■ Recorded information:
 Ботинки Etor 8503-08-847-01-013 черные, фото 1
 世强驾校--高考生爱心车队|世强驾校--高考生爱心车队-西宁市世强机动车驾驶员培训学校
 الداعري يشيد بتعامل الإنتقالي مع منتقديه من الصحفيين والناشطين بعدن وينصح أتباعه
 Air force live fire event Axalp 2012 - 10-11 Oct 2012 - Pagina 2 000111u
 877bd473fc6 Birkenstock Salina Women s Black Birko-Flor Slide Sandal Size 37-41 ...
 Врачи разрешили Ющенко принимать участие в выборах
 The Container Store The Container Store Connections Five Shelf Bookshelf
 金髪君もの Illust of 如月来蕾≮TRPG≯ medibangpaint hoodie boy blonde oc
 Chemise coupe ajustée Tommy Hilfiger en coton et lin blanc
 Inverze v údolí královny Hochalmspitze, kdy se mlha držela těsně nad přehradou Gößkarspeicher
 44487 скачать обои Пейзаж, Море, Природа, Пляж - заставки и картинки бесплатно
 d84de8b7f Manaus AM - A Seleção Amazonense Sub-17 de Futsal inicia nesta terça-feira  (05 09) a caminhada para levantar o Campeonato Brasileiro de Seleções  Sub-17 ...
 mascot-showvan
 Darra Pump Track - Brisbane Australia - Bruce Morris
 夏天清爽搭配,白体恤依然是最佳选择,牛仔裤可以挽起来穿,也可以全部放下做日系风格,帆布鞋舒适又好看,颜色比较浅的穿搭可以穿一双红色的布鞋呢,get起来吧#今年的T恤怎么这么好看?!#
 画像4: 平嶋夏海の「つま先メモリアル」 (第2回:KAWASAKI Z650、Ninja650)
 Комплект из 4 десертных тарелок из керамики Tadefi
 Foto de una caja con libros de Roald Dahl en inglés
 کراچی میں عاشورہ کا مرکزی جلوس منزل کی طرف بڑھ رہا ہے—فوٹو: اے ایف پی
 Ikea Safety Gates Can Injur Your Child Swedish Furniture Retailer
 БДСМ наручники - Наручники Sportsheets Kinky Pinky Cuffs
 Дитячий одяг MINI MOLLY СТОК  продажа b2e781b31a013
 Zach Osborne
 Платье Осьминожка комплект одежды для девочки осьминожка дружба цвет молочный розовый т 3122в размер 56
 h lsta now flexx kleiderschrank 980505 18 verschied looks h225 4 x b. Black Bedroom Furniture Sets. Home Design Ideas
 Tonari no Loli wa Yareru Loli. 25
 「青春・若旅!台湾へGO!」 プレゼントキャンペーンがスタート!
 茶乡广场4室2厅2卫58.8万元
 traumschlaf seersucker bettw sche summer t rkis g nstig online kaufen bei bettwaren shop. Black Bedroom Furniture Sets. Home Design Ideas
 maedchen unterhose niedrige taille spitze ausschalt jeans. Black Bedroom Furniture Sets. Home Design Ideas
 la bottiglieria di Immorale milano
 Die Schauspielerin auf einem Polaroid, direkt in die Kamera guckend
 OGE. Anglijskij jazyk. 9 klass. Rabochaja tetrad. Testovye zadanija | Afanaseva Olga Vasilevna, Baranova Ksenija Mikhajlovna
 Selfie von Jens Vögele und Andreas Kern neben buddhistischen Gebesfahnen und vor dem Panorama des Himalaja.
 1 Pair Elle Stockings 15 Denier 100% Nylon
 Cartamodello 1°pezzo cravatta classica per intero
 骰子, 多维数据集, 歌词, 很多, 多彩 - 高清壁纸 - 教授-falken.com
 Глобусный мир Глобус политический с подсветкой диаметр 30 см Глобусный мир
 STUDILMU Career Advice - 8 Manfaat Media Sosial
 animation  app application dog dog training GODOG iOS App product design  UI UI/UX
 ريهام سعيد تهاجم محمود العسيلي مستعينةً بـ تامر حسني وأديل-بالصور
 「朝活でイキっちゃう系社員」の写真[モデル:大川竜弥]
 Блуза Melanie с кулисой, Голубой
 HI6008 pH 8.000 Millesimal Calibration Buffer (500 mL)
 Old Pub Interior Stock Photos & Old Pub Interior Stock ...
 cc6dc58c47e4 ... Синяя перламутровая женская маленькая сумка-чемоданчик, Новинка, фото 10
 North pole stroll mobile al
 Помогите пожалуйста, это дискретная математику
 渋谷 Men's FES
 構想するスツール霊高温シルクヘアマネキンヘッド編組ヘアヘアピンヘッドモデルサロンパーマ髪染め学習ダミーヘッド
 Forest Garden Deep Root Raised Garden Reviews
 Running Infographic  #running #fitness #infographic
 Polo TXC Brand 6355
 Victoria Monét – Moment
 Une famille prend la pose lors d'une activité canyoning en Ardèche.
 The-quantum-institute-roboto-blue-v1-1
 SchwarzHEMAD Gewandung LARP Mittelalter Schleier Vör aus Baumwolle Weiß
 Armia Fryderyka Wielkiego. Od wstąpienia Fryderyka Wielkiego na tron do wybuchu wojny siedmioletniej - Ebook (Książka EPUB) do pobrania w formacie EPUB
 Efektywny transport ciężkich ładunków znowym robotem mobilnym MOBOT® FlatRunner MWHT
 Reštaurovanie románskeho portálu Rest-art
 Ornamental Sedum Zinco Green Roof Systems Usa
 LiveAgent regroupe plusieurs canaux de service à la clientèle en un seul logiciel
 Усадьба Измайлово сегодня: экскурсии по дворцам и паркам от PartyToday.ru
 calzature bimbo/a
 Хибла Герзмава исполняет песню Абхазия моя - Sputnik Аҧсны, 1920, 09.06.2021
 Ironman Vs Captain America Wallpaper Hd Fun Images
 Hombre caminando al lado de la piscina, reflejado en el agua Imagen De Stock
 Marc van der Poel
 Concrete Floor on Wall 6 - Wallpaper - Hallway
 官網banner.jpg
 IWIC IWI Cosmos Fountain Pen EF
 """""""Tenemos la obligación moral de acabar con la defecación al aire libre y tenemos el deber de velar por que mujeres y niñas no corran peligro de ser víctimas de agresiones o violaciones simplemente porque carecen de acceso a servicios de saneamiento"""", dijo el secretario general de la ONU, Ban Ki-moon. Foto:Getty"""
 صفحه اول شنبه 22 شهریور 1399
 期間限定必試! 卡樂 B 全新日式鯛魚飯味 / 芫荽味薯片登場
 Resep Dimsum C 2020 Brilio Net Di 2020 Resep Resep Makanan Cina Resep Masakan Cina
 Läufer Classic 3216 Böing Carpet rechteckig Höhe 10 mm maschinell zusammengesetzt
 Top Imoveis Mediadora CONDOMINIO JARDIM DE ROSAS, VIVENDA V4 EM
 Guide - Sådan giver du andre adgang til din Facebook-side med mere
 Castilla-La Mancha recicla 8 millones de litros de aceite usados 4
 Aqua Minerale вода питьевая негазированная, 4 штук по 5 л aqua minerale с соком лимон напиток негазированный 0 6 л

■ Exercise: Write down the entire listing above verbatim.

■ Solution for this exercise:
 Ботинки Etor 8503-08-847-01-013 черные, фото 1
 世强驾校--高考生爱心车队|世强驾校--高考生爱心车队-西宁市世强机动车驾驶员培训学校
 الداعري يشيد بتعامل الإنتقالي مع منتقديه من الصحفيين والناشطين بعدن وينصح أتباعه
 Air force live fire event Axalp 2012 - 10-11 Oct 2012 - Pagina 2 000111u
 877bd473fc6 Birkenstock Salina Women s Black Birko-Flor Slide Sandal Size 37-41 ...
 Врачи разрешили Ющенко принимать участие в выборах
 The Container Store The Container Store Connections Five Shelf Bookshelf
 金髪君もの Illust of 如月来蕾≮TRPG≯ medibangpaint hoodie boy blonde oc
 Chemise coupe ajustée Tommy Hilfiger en coton et lin blanc
 Inverze v údolí královny Hochalmspitze, kdy se mlha držela těsně nad přehradou Gößkarspeicher
 44487 скачать обои Пейзаж, Море, Природа, Пляж - заставки и картинки бесплатно
 d84de8b7f Manaus AM - A Seleção Amazonense Sub-17 de Futsal inicia nesta terça-feira  (05 09) a caminhada para levantar o Campeonato Brasileiro de Seleções  Sub-17 ...
 mascot-showvan
 Darra Pump Track - Brisbane Australia - Bruce Morris
 夏天清爽搭配,白体恤依然是最佳选择,牛仔裤可以挽起来穿,也可以全部放下做日系风格,帆布鞋舒适又好看,颜色比较浅的穿搭可以穿一双红色的布鞋呢,get起来吧#今年的T恤怎么这么好看?!#
 画像4: 平嶋夏海の「つま先メモリアル」 (第2回:KAWASAKI Z650、Ninja650)
 Комплект из 4 десертных тарелок из керамики Tadefi
 Foto de una caja con libros de Roald Dahl en inglés
 کراچی میں عاشورہ کا مرکزی جلوس منزل کی طرف بڑھ رہا ہے—فوٹو: اے ایف پی
 Ikea Safety Gates Can Injur Your Child Swedish Furniture Retailer
 БДСМ наручники - Наручники Sportsheets Kinky Pinky Cuffs
 Дитячий одяг MINI MOLLY СТОК  продажа b2e781b31a013
 Zach Osborne
 Платье Осьминожка комплект одежды для девочки осьминожка дружба цвет молочный розовый т 3122в размер 56
 h lsta now flexx kleiderschrank 980505 18 verschied looks h225 4 x b. Black Bedroom Furniture Sets. Home Design Ideas
 Tonari no Loli wa Yareru Loli. 25
 「青春・若旅!台湾へGO!」 プレゼントキャンペーンがスタート!
 茶乡广场4室2厅2卫58.8万元
 traumschlaf seersucker bettw sche summer t rkis g nstig online kaufen bei bettwaren shop. Black Bedroom Furniture Sets. Home Design Ideas
 maedchen unterhose niedrige taille spitze ausschalt jeans. Black Bedroom Furniture Sets. Home Design Ideas
 la bottiglieria di Immorale milano
 Die Schauspielerin auf einem Polaroid, direkt in die Kamera guckend
 OGE. Anglijskij jazyk. 9 klass. Rabochaja tetrad. Testovye zadanija | Afanaseva Olga Vasilevna, Baranova Ksenija Mikhajlovna
 Selfie von Jens Vögele und Andreas Kern neben buddhistischen Gebesfahnen und vor dem Panorama des Himalaja.
 1 Pair Elle Stockings 15 Denier 100% Nylon
 Cartamodello 1°pezzo cravatta classica per intero
 骰子, 多维数据集, 歌词, 很多, 多彩 - 高清壁纸 - 教授-falken.com
 Глобусный мир Глобус политический с подсветкой диаметр 30 см Глобусный мир
 STUDILMU Career Advice - 8 Manfaat Media Sosial
 animation  app application dog dog training GODOG iOS App product design  UI UI/UX
 ريهام سعيد تهاجم محمود العسيلي مستعينةً بـ تامر حسني وأديل-بالصور
 「朝活でイキっちゃう系社員」の写真[モデル:大川竜弥]
 Блуза Melanie с кулисой, Голубой
 HI6008 pH 8.000 Millesimal Calibration Buffer (500 mL)
 Old Pub Interior Stock Photos & Old Pub Interior Stock ...
 cc6dc58c47e4 ... Синяя перламутровая женская маленькая сумка-чемоданчик, Новинка, фото 10
 North pole stroll mobile al
 Помогите пожалуйста, это дискретная математику
 渋谷 Men's FES
 構想するスツール霊高温シルクヘアマネキンヘッド編組ヘアヘアピンヘッドモデルサロンパーマ髪染め学習ダミーヘッド
 Forest Garden Deep Root Raised Garden Reviews
 Running Infographic  #running #fitness #infographic
 Polo TXC Brand 6355
 Victoria Monét – Moment
 Une famille prend la pose lors d'une activité canyoning en Ardèche.
 The-quantum-institute-roboto-blue-v1-1
 SchwarzHEMAD Gewandung LARP Mittelalter Schleier Vör aus Baumwolle Weiß
 Armia Fryderyka Wielkiego. Od wstąpienia Fryderyka Wielkiego na tron do wybuchu wojny siedmioletniej - Ebook (Książka EPUB) do pobrania w formacie EPUB
 Efektywny transport ciężkich ładunków znowym robotem mobilnym MOBOT® FlatRunner MWHT
 Reštaurovanie románskeho portálu Rest-art
 Ornamental Sedum Zinco Green Roof Systems Usa
 LiveAgent regroupe plusieurs canaux de service à la clientèle en un seul logiciel
 Усадьба Измайлово сегодня: экскурсии по дворцам и паркам от PartyToday.ru
 calzature bimbo/a
 Хибла Герзмава исполняет песню Абхазия моя - Sputnik Аҧсны, 1920, 09.06.2021
 Ironman Vs Captain America Wallpaper Hd Fun Images
 Hombre caminando al lado de la piscina, reflejado en el agua Imagen De Stock
 Marc van der Poel
 Concrete Floor on Wall 6 - Wallpaper - Hallway
 官網banner.jpg
 IWIC IWI Cosmos Fountain Pen EF
 """""""Tenemos la obligación moral de acabar con la defecación al aire libre y tenemos el deber de velar por que mujeres y niñas no corran peligro de ser víctimas de agresiones o violaciones simplemente porque carecen de acceso a servicios de saneamiento"""", dijo el secretario general de la ONU, Ban Ki-moon. Foto:Getty"""
 صفحه اول شنبه 22 شهریور 1399
 期間限定必試! 卡樂 B 全新日式鯛魚飯味 / 芫荽味薯片登場
 Resep Dimsum C 2020 Brilio Net Di 2020 Resep Resep Makanan Cina Resep Masakan Cina
 Läufer Classic 3216 Böing Carpet rechteckig Höhe 10 mm maschinell zusammengesetzt
 Top Imoveis Mediadora CONDOMINIO JARDIM DE ROSAS, VIVENDA V4 EM
 Guide - Sådan giver du andre adgang til din Facebook-side med mere
 Castilla-La Mancha recicla 8 millones de litros de aceite usados 4
 Aqua Minerale вода питьевая негазированная, 4 штук по 5 л aqua minerale с соком лимон напиток негазированный 0 6 л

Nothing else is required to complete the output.